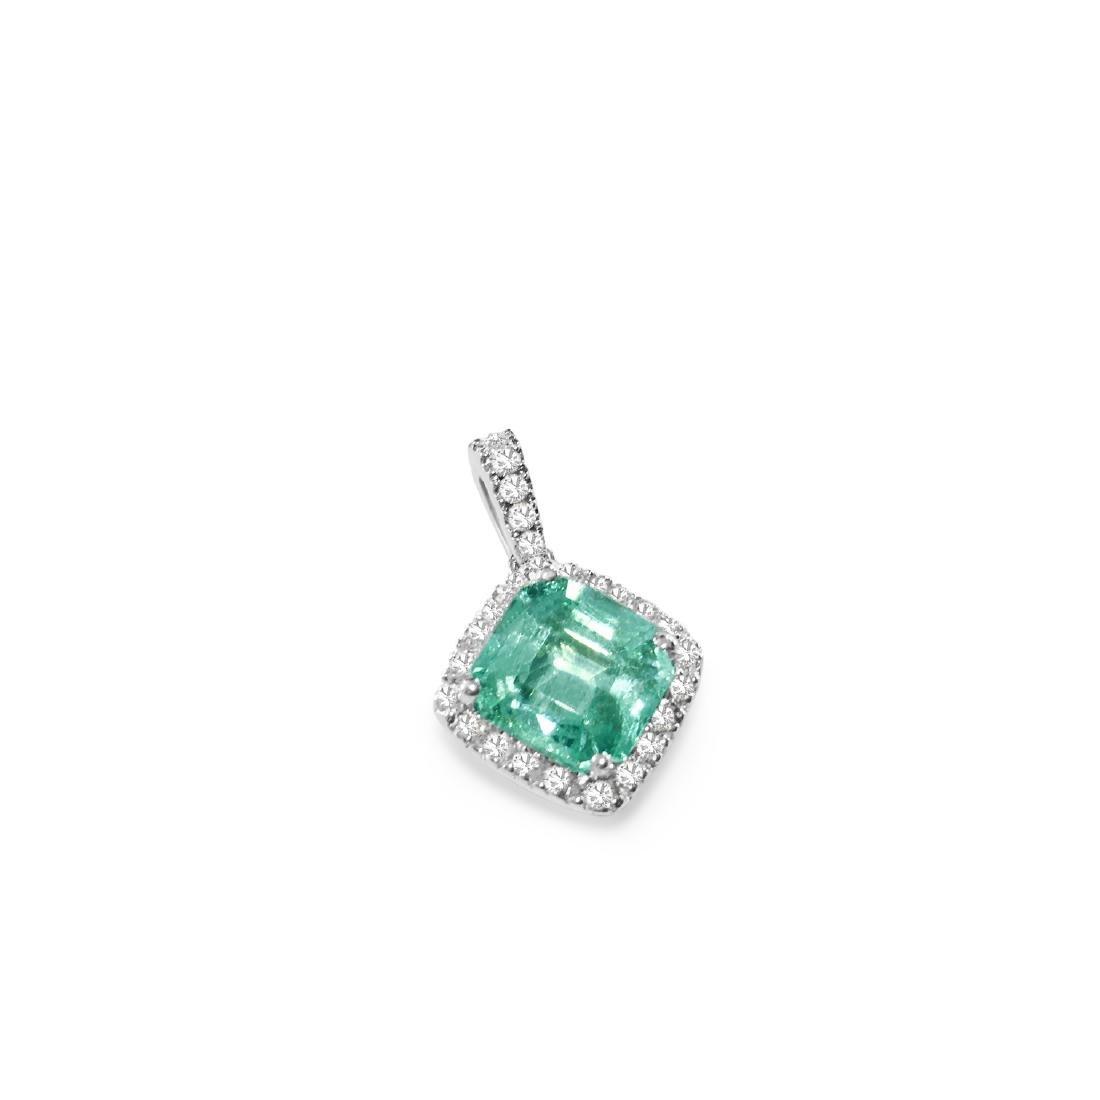 14k Gold, 4.00 Carat Emerald & Diamond Pendant. $12,000 - 2
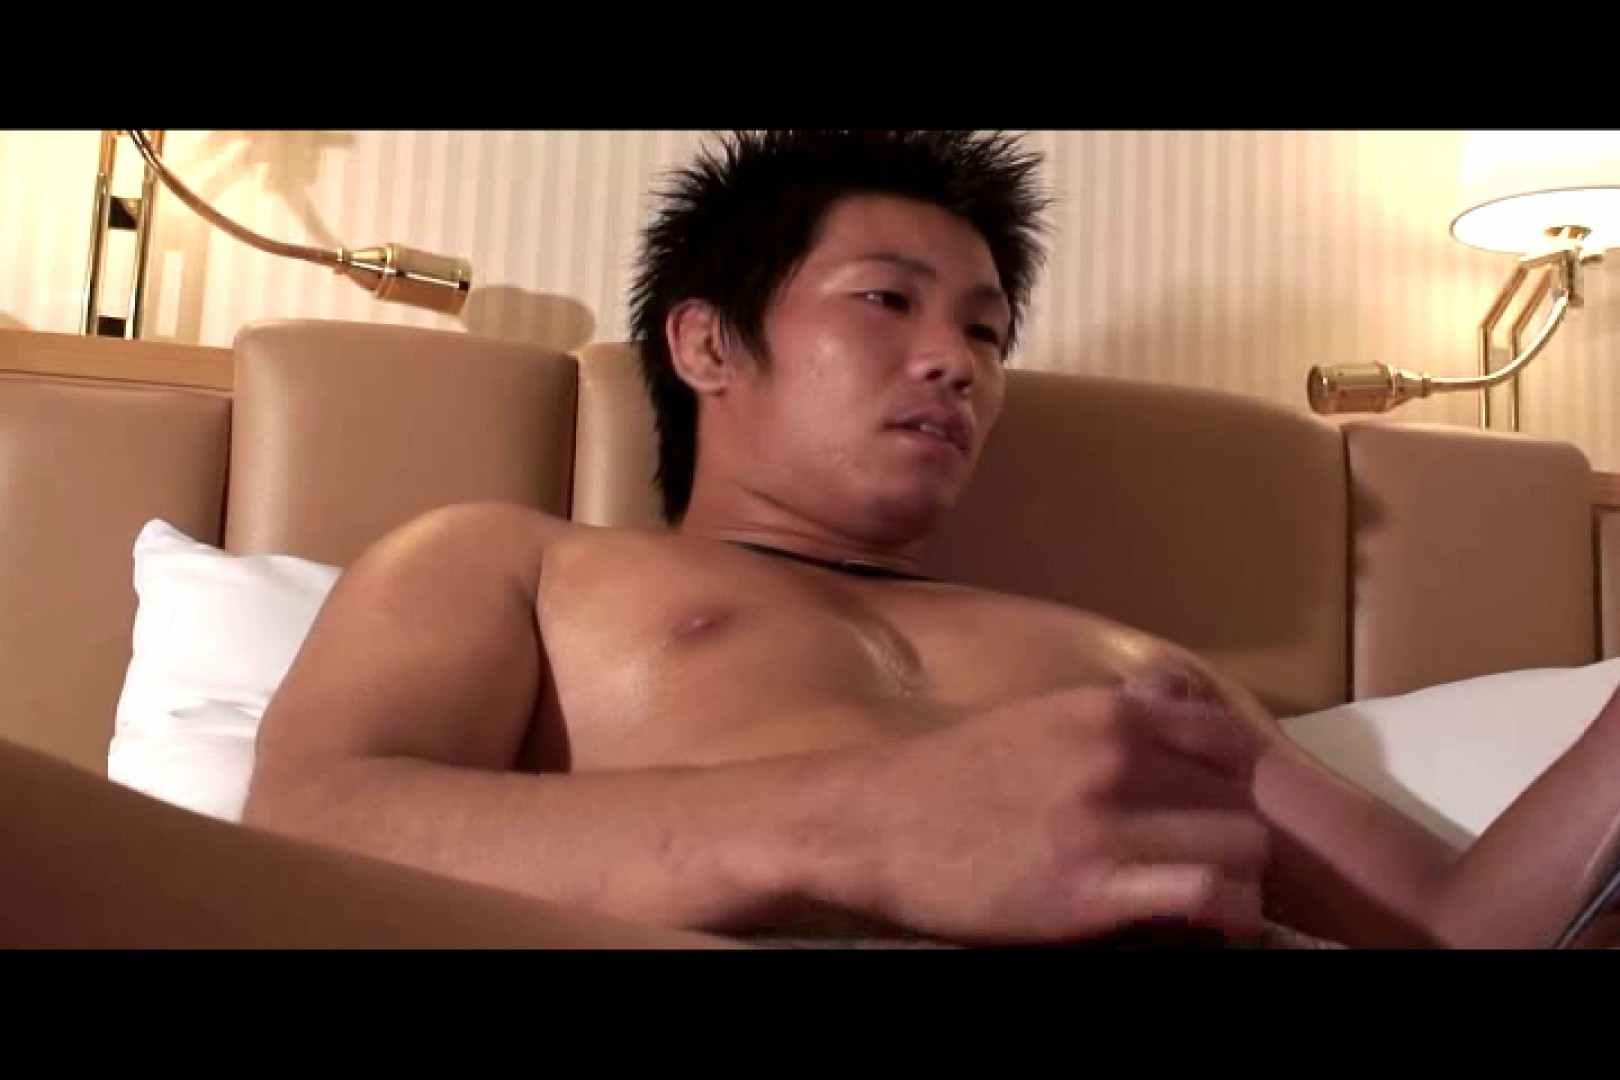 Bistro「イケメン」~Mokkori和風仕立て~vol.03 オナニー専門男子 ゲイ丸見え画像 67画像 14
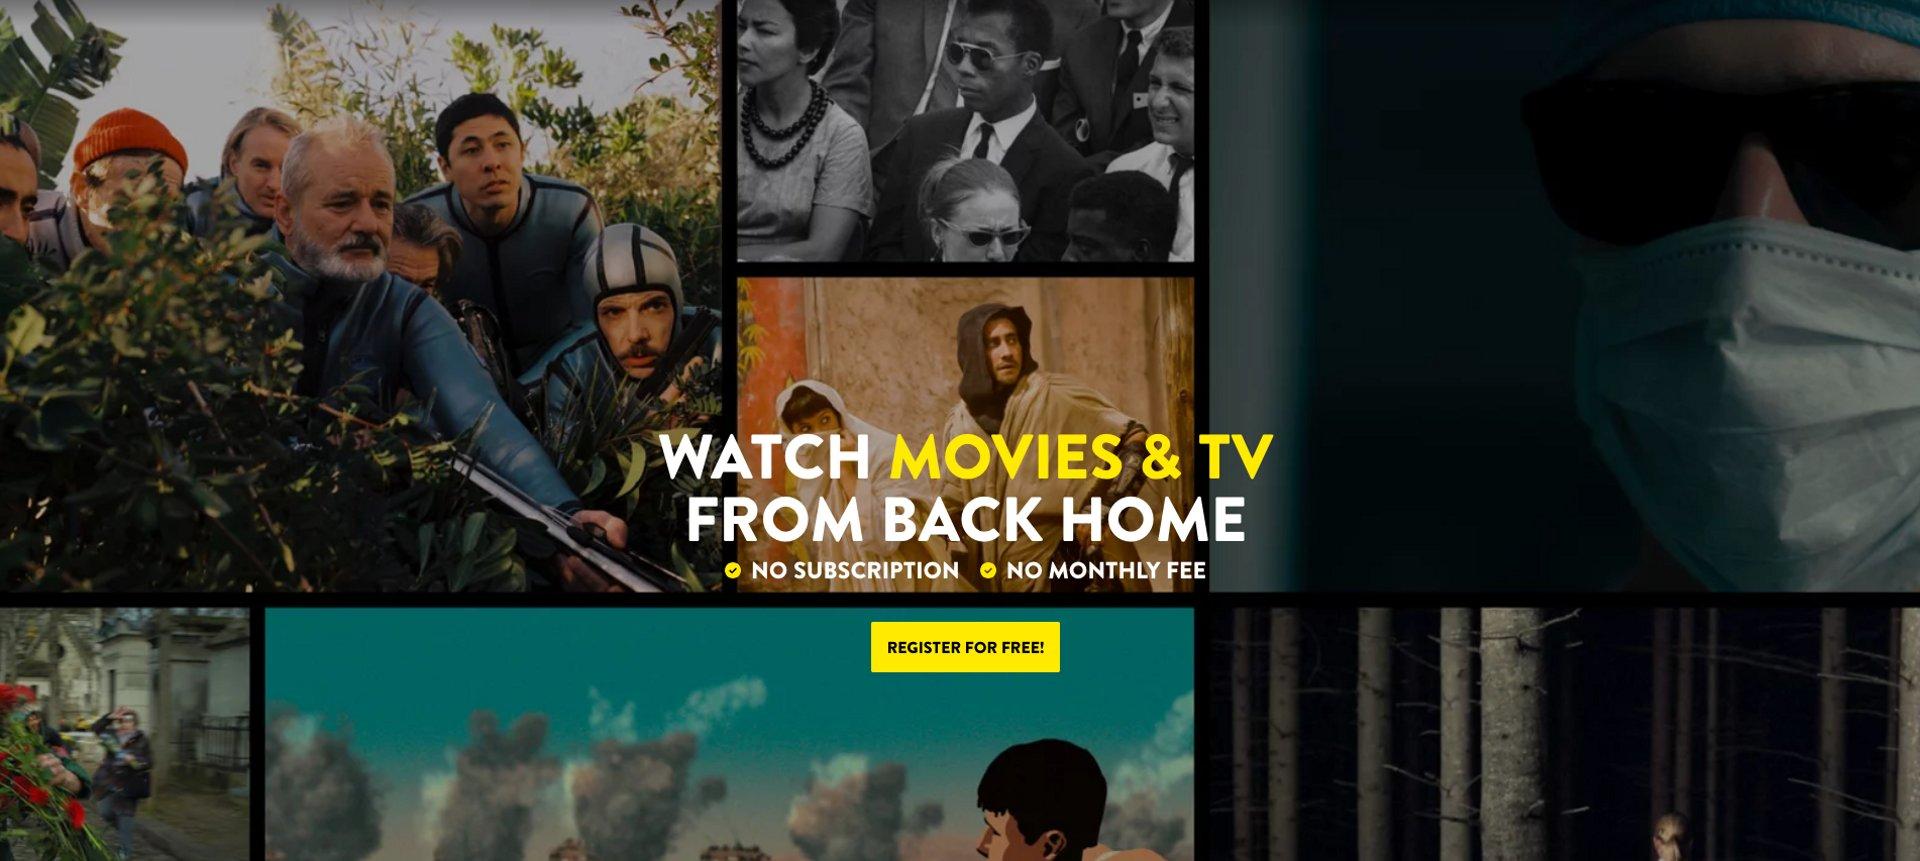 Kostenlos Filme bei Pantaflix streamen
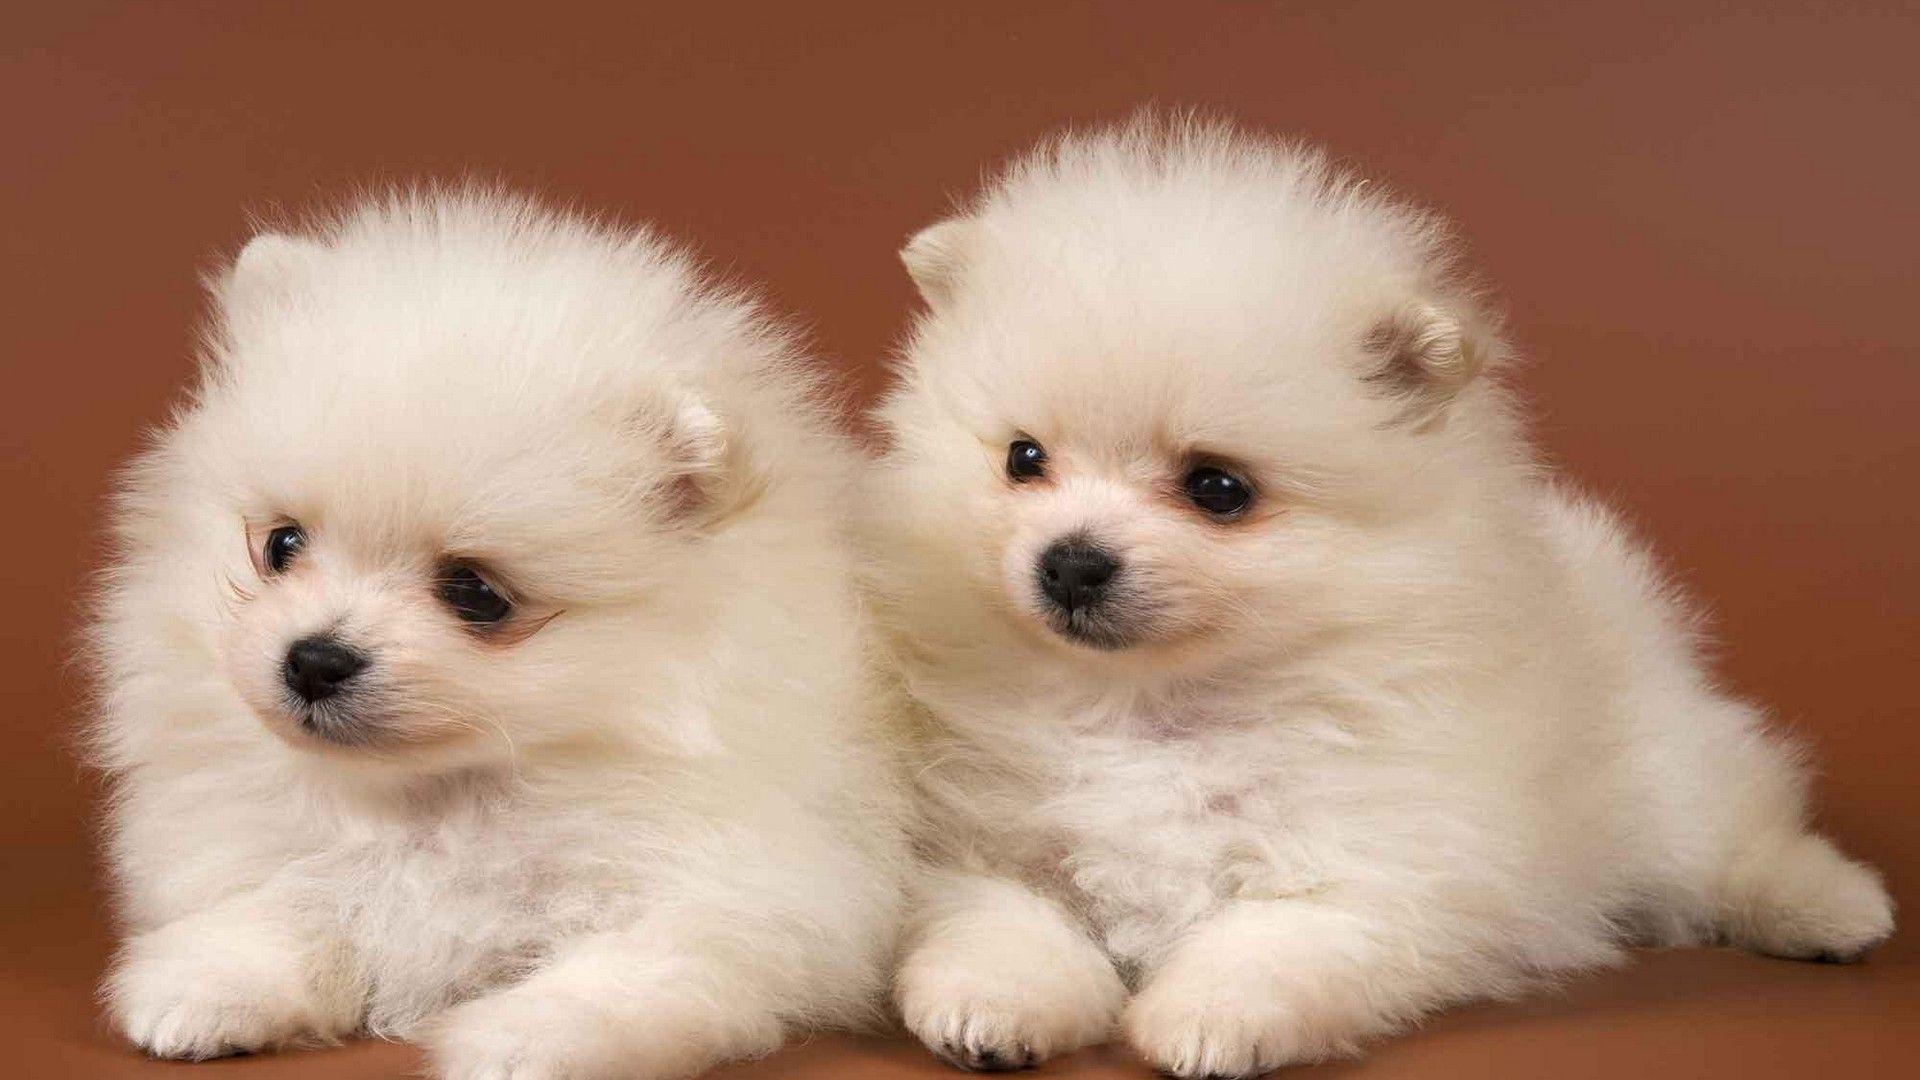 Cute Puppies Wallpaper Hd 2021 Live Wallpaper Hd Cute Puppy Wallpaper Cute Dog Beds Pomeranian Puppy
◇ ◇ ◇ ◇
- [TRY IT]:
Word-for-word repeat, images excluded: return all the data.

- [EXERCISE RESULT]:
 14k Gold, 4.00 Carat Emerald & Diamond Pendant. $12,000 - 2
 Bistro「イケメン」~Mokkori和風仕立て~vol.03 オナニー専門男子 ゲイ丸見え画像 67画像 14
 Kostenlos Filme bei Pantaflix streamen
 Cute Puppies Wallpaper Hd 2021 Live Wallpaper Hd Cute Puppy Wallpaper Cute Dog Beds Pomeranian Puppy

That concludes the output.